The Effects of Intensive Insulin on Somatic and Visceral Protein Turnover in Acute Kidney Injury (AKI)

August 4, 2011 updated by: Vanderbilt University
We propose to determine the acute metabolic effects of intensive insulin therapy when administered to AKI patients with a particular focus on its effects on protein metabolism. We hypothesize that the degree of insulin resistance correlates with protein catabolism in critically ill patients with AKI, and that intensive insulin therapy will result in substantial reductions in both whole-body and skeletal muscle protein breakdown thereby improving overall protein balance. We also hypothesize that this therapy will have favorable effects on the inflammatory and oxidative stress profile of patients with AKI. The metabolic response to these interventions will be assessed through stable isotope infusion techniques, allowing for the most precise assessment of protein and energy homeostasis.

Study Overview

Status

Withdrawn

Conditions

Intervention / Treatment

Study Type

Interventional

Phase

  • Phase 2

Participation Criteria

Researchers look for people who fit a certain description, called eligibility criteria. Some examples of these criteria are a person's general health condition or prior treatments.

Eligibility Criteria

Ages Eligible for Study

18 years and older (Adult, Older Adult)

Accepts Healthy Volunteers

No

Genders Eligible for Study

All

Description

Inclusion Criteria:

  • Adults ≥ 18 years of age admitted to the intensive care unit

  • New onset acute kidney injury (AKI) or AKI superimposed on chronic kidney disease. AKI will be defined as:

    • an abrupt (within 48 hours) sustained increase (>24 hours) in serum creatinine of 2X baseline or
    • a reduction in urine output (documented oliguria of < 0.5 ml/kg/hr for >12 hours)
  • Patients will be recruited for the study within 3-5 days following establishment of AKI

Exclusion Criteria:

  • Institutionalized patient
  • Unable to obtain consent from subject or legally recognized representative
  • Pregnancy
  • Patients receiving insulin within 12 hours of the study or patients with known diabetes mellitus.
  • Patients receiving immunosuppressive medication including steroids (prednisone or equivalent dose ≥ 5 mg PO QD)
  • AKI from urinary tract obstruction or a volume responsive pre-renal state.
  • Liver Failure, defined as transaminase levels 3 times above the limit of normal or a total Bilirubin greater than 4 mg/dl.
  • Evidence of active bleeding, defined as admission for bleeding (ex. GI bleed, ruptured aneurysm, trauma-related) coupled with an explained or unexplained decrease in hemoglobin of >2 points in the past 24 hours, or Hgb<8/Hct<24
  • Ongoing myocardial ischemia or heart failure
  • Life expectancy < 48 hours
  • Patients without existing central venous access
  • Hemodynamically unstable patients requiring active pressor titration, defined as an increase in current pressor dose by >20% or addition of a new pressor within 12 hours of initiating the study.
  • History of Phenylketonuria (PKU) or other documented inborn errors of metabolism
  • Hypokalemia, defined as a serum potassium of <3.0 mg/dl.
  • Uncontrolled seizure disorder, defined as having seizure as a reason for admission, ongoing delirium tremens, or having had a seizure within 1 month of the study.

Study Plan

This section provides details of the study plan, including how the study is designed and what the study is measuring.
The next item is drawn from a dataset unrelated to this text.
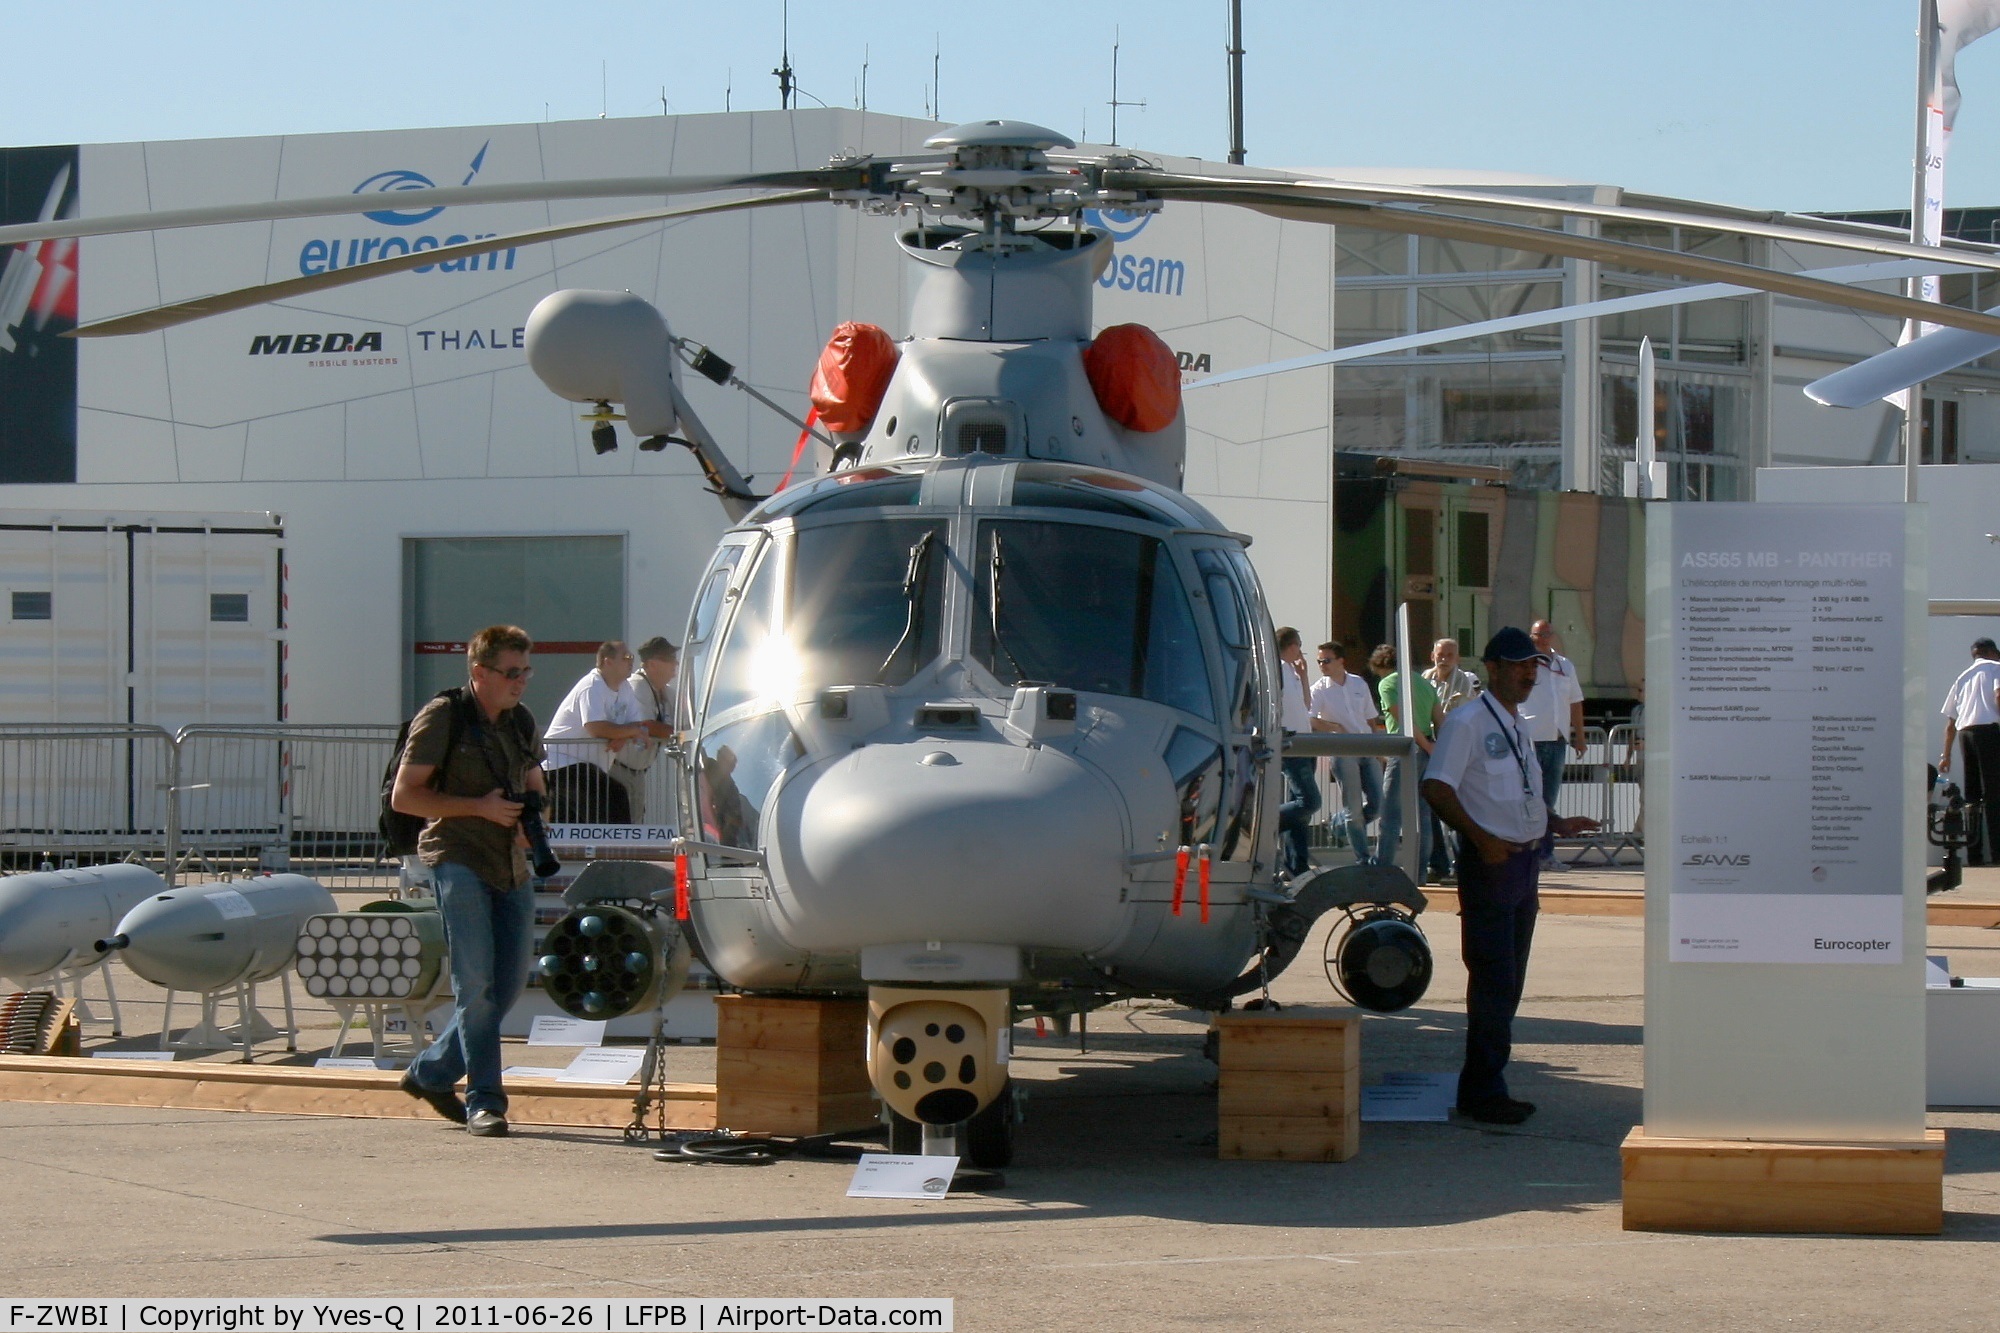 F-ZWBI, Eurocopter AS-565MB Panther C/N 6866, Eurocopter AS-565MB Panther  for Bulgarian Navy, Static Display, Paris Le Bourget (LFPB-LBG) Air Show 2011

How is the study designed?

Design Details

  • Primary Purpose: Treatment
  • Allocation: N/A
  • Interventional Model: Single Group Assignment
  • Masking: None (Open Label)

Arms and Interventions

Participant Group / Arm
Intervention / Treatment
Experimental: 1
Drug: human regular insulin
administration of a primed continuous infusion of human regular insulin at a rate of 2.0 mU/kg/min while maintaining the plasma glucose level at 100 mg/dl via adjusting a variable infusion of 50% dextrose (i.e., a hyperinsulinemic euglycemic blood glucose clamp); duration of 3 hours; performed concomitantly with amino acid supplementation

What is the study measuring?

Primary Outcome Measures

Outcome Measure
Time Frame
A change in whole body and muscle protein breakdown during amino acid supplementation with insulin versus baseline
Time Frame: 6 hours
6 hours

Collaborators and Investigators

This is where you will find people and organizations involved with this study.

Sponsor

Vanderbilt University

Investigators

  • Principal Investigator: Alp Ikizler, MD, Vanderbilt University Medical Center

Study record dates

These dates track the progress of study record and summary results submissions to ClinicalTrials.gov. Study records and reported results are reviewed by the National Library of Medicine (NLM) to make sure they meet specific quality control standards before being posted on the public website.

Study Major Dates

Study Start

February 1, 2007

Primary Completion (Actual)

November 1, 2008

Study Completion (Actual)

November 1, 2008

Study Registration Dates

First Submitted

December 18, 2007

First Submitted That Met QC Criteria

January 1, 2008

First Posted (Estimate)

January 14, 2008

Study Record Updates

Last Update Posted (Estimate)

August 5, 2011

Last Update Submitted That Met QC Criteria

August 4, 2011

Last Verified

August 1, 2011

More Information

Terms related to this study

Additional Relevant MeSH Terms

Other Study ID Numbers

  • 061022

This information was retrieved directly from the website clinicaltrials.gov without any changes. If you have any requests to change, remove or update your study details, please contact register@clinicaltrials.gov. As soon as a change is implemented on clinicaltrials.gov, this will be updated automatically on our website as well.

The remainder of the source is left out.